BMC Proceedings

, 3:S121 | Cite as

Pedigree association: assigning individual weights to pedigree members for genetic association analysis

  • Stacey Knight
  • Ryan P Abo
  • Jathine Wong
  • Alun Thomas
  • Nicola J Camp
Open Access
Proceedings

Abstract

Objective

Methods exist to appropriately perform association analyses in pedigrees. However, for genome-wide association analysis, these methods are computationally impractical. It is therefore important to determine alternate methods that can be efficiently used genome-wide.
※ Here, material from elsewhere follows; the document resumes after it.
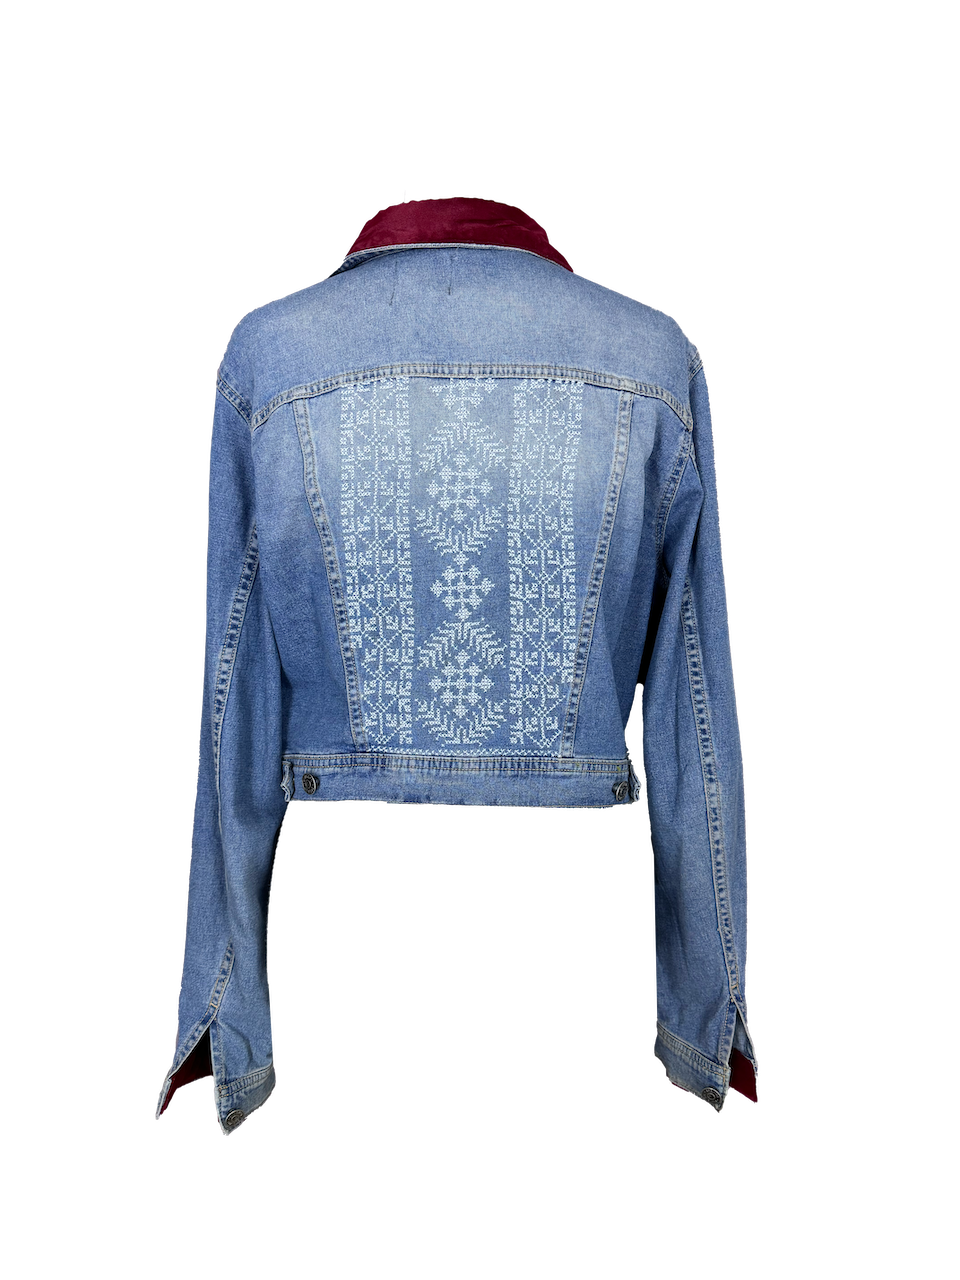 The Embroidered Denim Jacket in Light Blue With Red Velvet

Here, we introduce a new algorithm that considers all relationships simultaneously in arbitrary-structured pedigrees and assigns weights to pedigree members that can be used in subsequent analyses to address relatedness. We compare this new method with an existing weighting algorithm, a naïve analysis (relatedness is ignored), and an empirical method that appropriately accounts for all relationships (the gold standard).

Methods

Framingham Heart Study Genetic Analysis Workshop 16 Problem 2 data were used with a dichotomous phenotype based on high-density lipoprotein cholesterol level (1,611 cases and 4,043 controls). New and existing algorithms for calculating weights were used. Cochran-Armitage trend tests were performed for 17,333 single-nucleotide polymorphisms on chromosome 8 using both weighting systems and the naïve approach; a subset of 500 single-nucleotide polymorphisms were tested empirically. Correlations of p-values from each method were determined.

Results

Results from the two weighting methods were strongly correlated (r = 0.96). Our new weighting method performed better than the existing weighting method (r = 0.89 vs. r = 0.83), which is due to a more moderate down-weighting. The naive analysis obtained the best correlation with the empirical gold standard results (r = 0.99).

Conclusion

Our results suggest that weighting methods do not accurately represent tests that account for familial relationships in genetic association analyses and are inferior to the naïve method as an efficient initial genome-wide screening tool.

Keywords

Weighting Method Generalize Estimate Equation Kinship Coefficient Genetic Analysis Workshop Familial Relationship 

List of abbreviations used

GEE

Generalized estimating equations

HDL

High-density lipoprotein

SNP

Single-nucleotide polymorphism.

Background

Many researchers have already ascertained and collected DNA on large pedigrees for linkage studies. The ability to use these familial cases in association studies is appealing not only because of the decrease in ascertainment cost, but also because these cases are more likely to be due to a genetic cause and therefore can be more informative for genetic research [1]. However, the use of these cases results in correlated observations and treating these cases and controls as independent will increase the false-positive rate [2].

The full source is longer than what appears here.